Puzo knew about it certainly less than he learned about the era of, who he deemed to be the predecessor of all the dons, Pope Alexander VI (Borgia).


Let me tell you, this book can get really nasty and Puzo does it in his very own way, where he describes even the worst possible acts with such a tenderness that at times you feel like “ah ok, it’s some bad shit they did, but they are not the worst people ever…I mean, they were just too weak to fight their desires, aren’t we all victim of the same sin from time to time too?”. (And you naively jerk your head from side to side)


Well, you certainly remember yourself heading to the nearest mobsters recruiting center after reading The Godfather.

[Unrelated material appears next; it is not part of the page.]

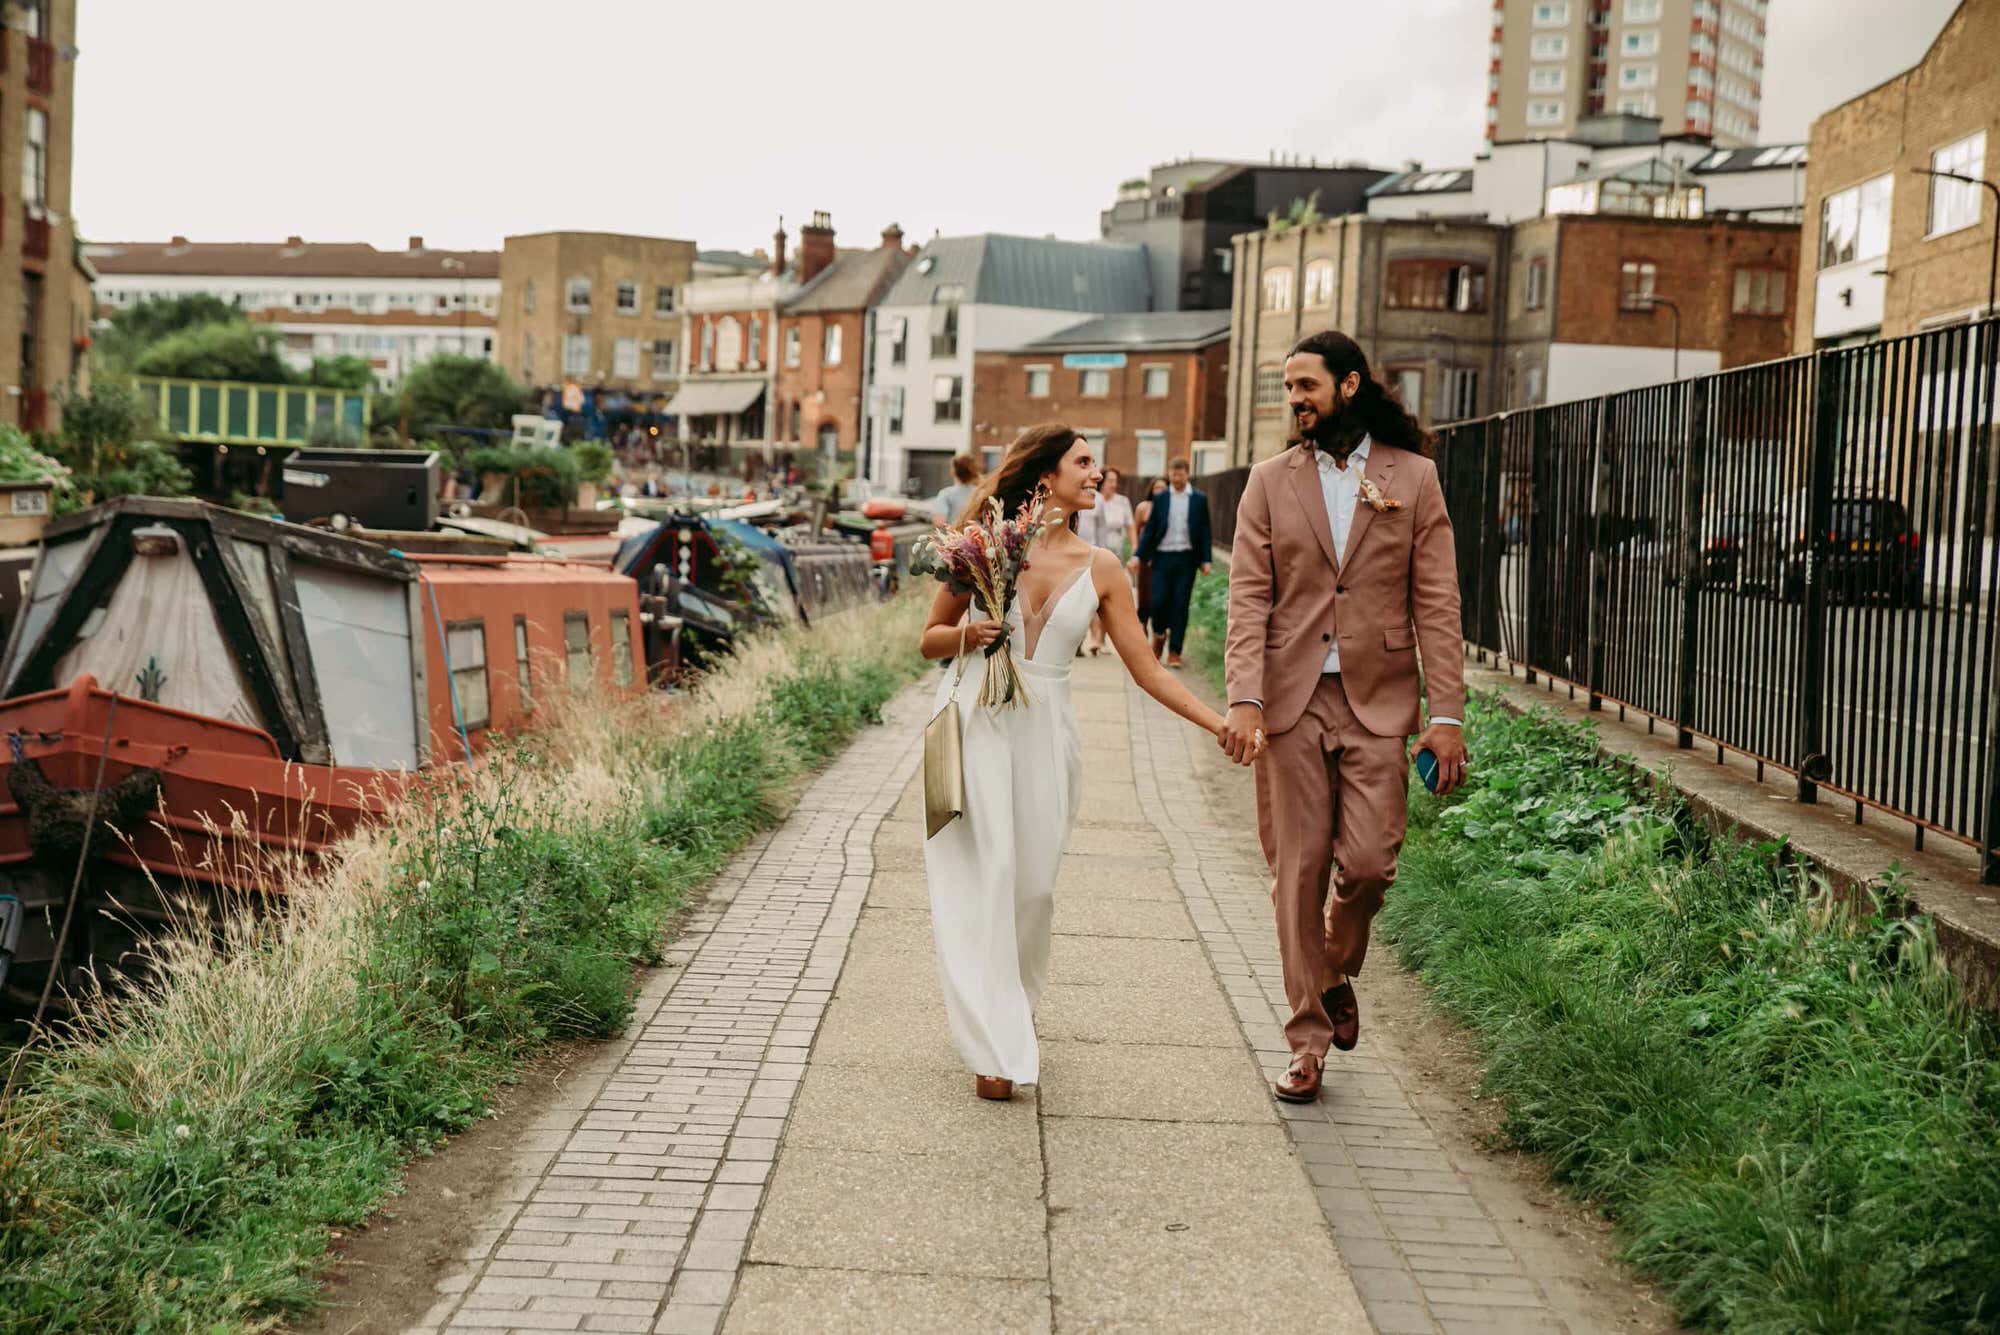 regents-canal-quirky-wedding-roshni-photography-london-wedding-photographer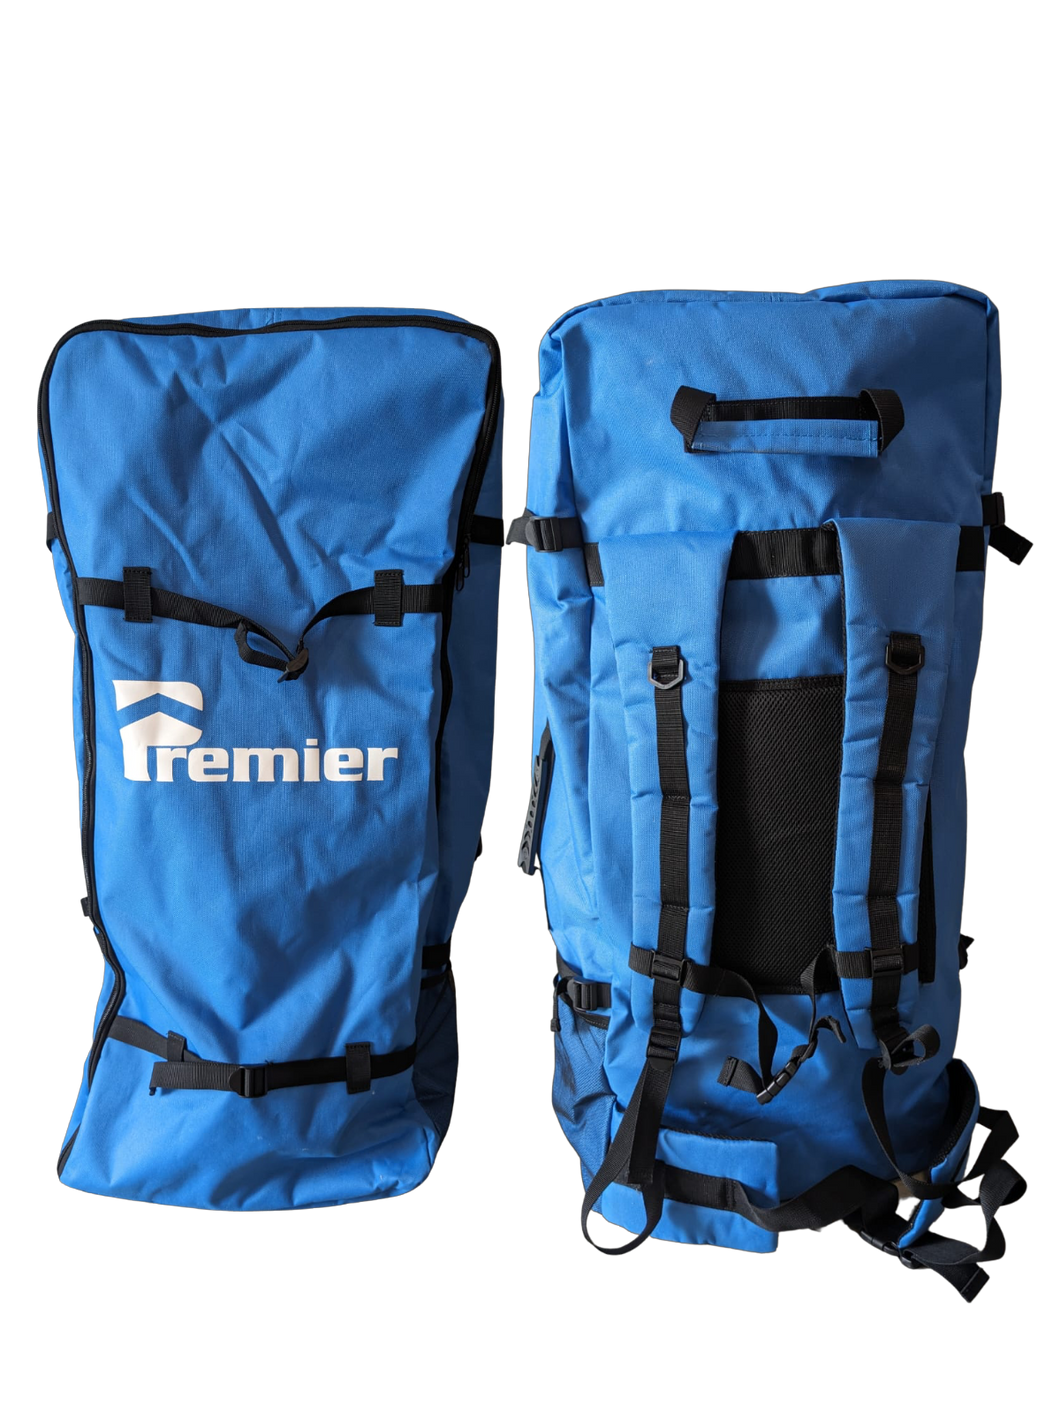 Premier SUP Backpack

Feats, these grand people of God do, are way worse, so you might not end up being excited as much as you were back then, but you will still have some hard times to condemn them. (I shall help you with that a bit later when reviewing Erasmus’s Praise of Folly, but shhh about that one for now…)


Puzo would have an automatic 8, but this book was finished by somebody else (for obvious and not very jolly reason) and although he’s not bad, he’s no Puzo.


I guess you won’t be too surprised by the corruption of the Catholic Church in its heyday, but this one really is a tough one to swallow. Again, that relentless romantic in Puzo makes it somewhat better. In fact, he makes it a rather philosophical riddle, as it could be deemed as just yet another display of people not being good or evil, but both good AND evil…


Favourite line:


“Pope Alexander smiled. He seemed more amused with the story than horrified. “The Baglioni are true believers,” he said. “They believe in paradise. Such a great gift. How otherwise can man bear this moral life? Unfortunately, such a belief also gives evil men the courage to commit great crimes in the name of good and God.”